An exact reproduction is needed of every line from the beginning of the data down to and including the line that contains "First Pentacle of", minus the pictures.

GIVEN MATERIAL:
┄┄┄┄┄┄┄┄┄┄

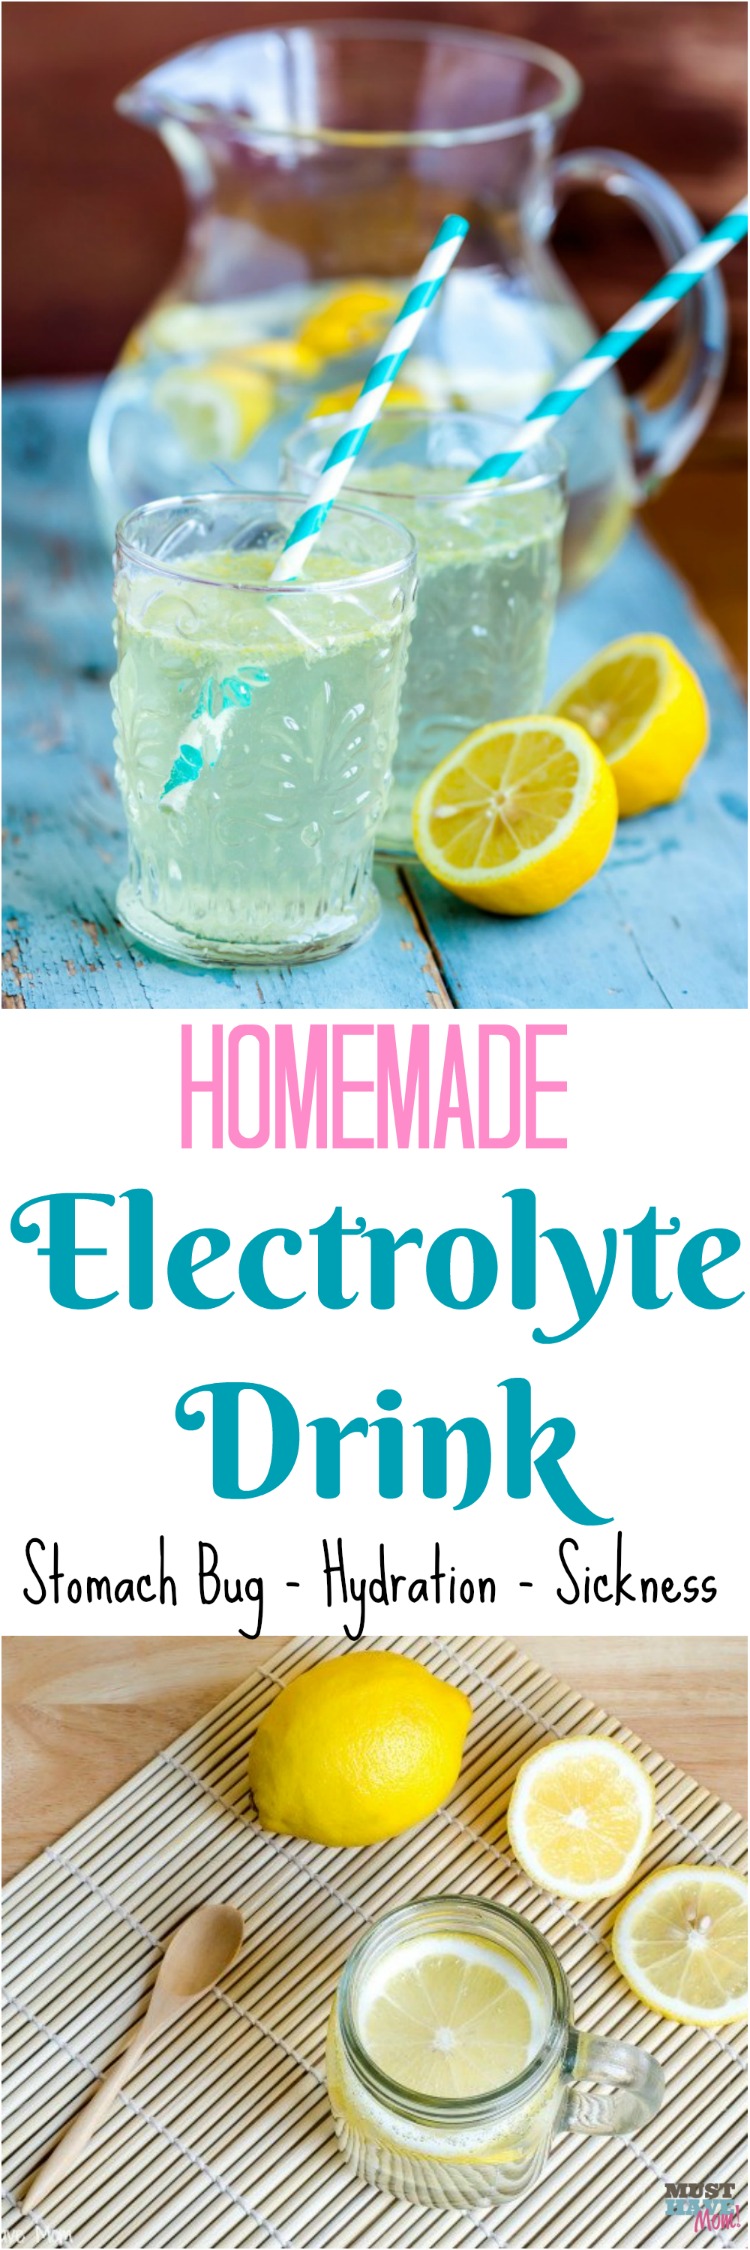 Homemade Electrolyte Drink recipe for sickness, hydration, stomach bug, food poisoning. This natural remedy works and is So easy to make.
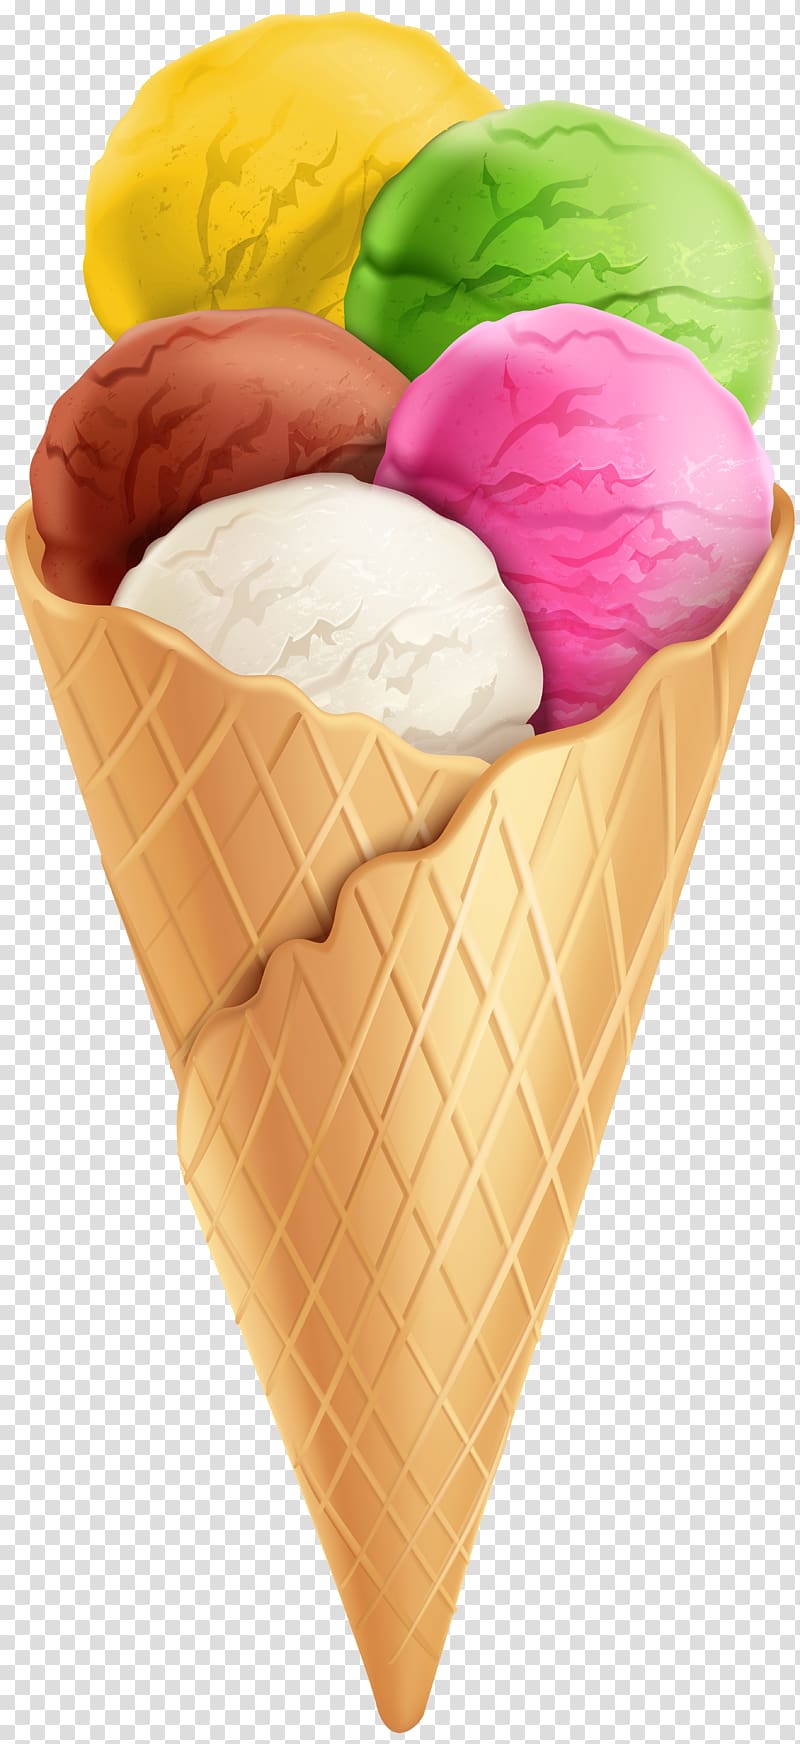 ice creme with cone, Ice cream cone Chocolate ice cream Neapolitan ice cream, Ice Cream transparent background PNG clipart
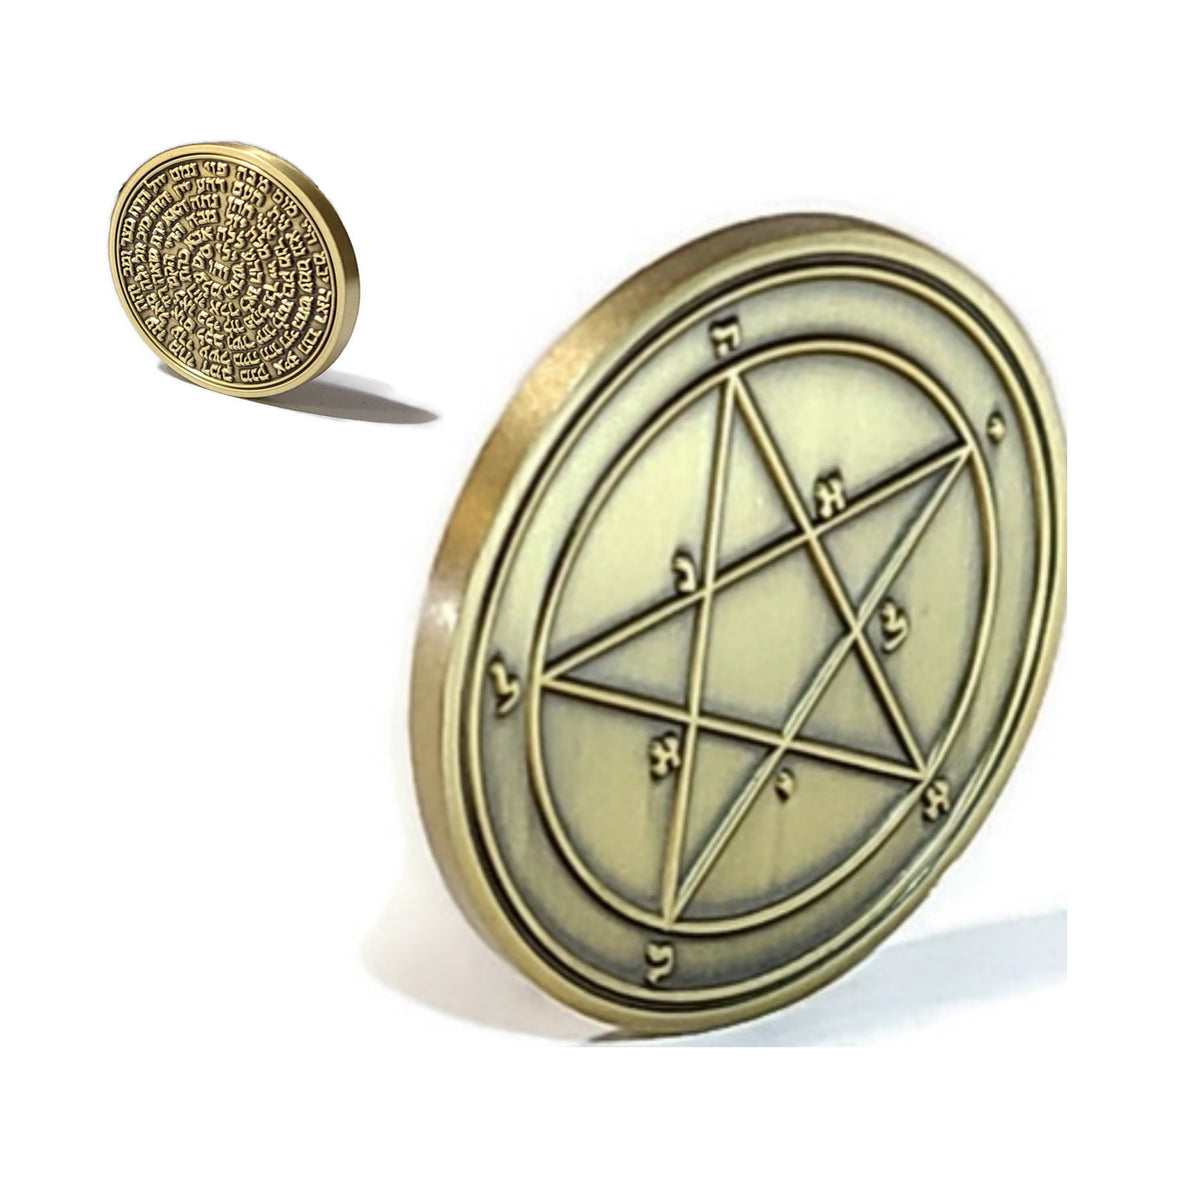 First Pentacle of Mercury + 72 names of God – King Solomon
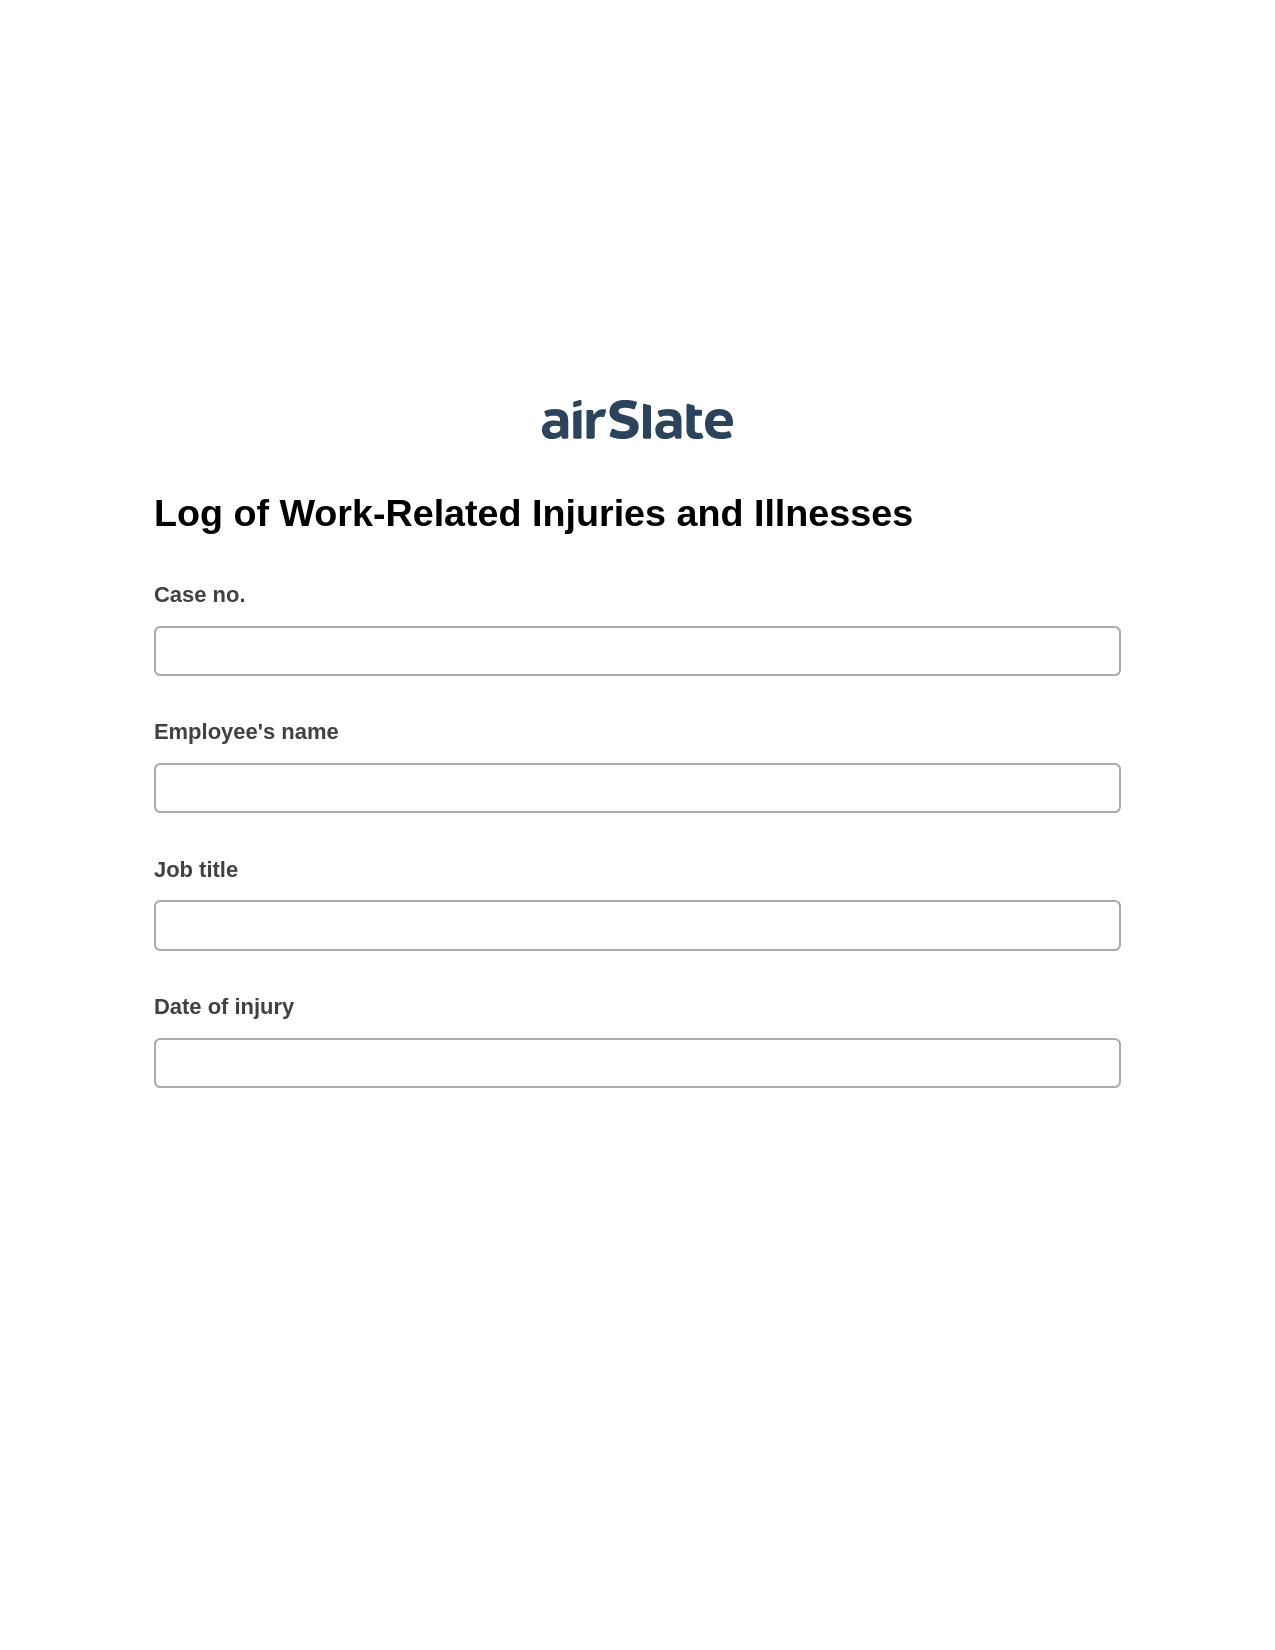 Log of Work-Related Injuries and Illnesses Pre-fill Dropdown from Airtable, Invoke Salesforce Process Bot, Slack Two-Way Binding Bot

┄┄┄┄┄┄┄┄┄┄

EXPECTED ANSWER:
 Homemade Electrolyte Drink recipe for sickness, hydration, stomach bug, food poisoning. This natural remedy works and is So easy to make.
 ice creme with cone, Ice cream cone Chocolate ice cream Neapolitan ice cream, Ice Cream transparent background PNG clipart
 First Pentacle of Mercury + 72 names of God – King Solomon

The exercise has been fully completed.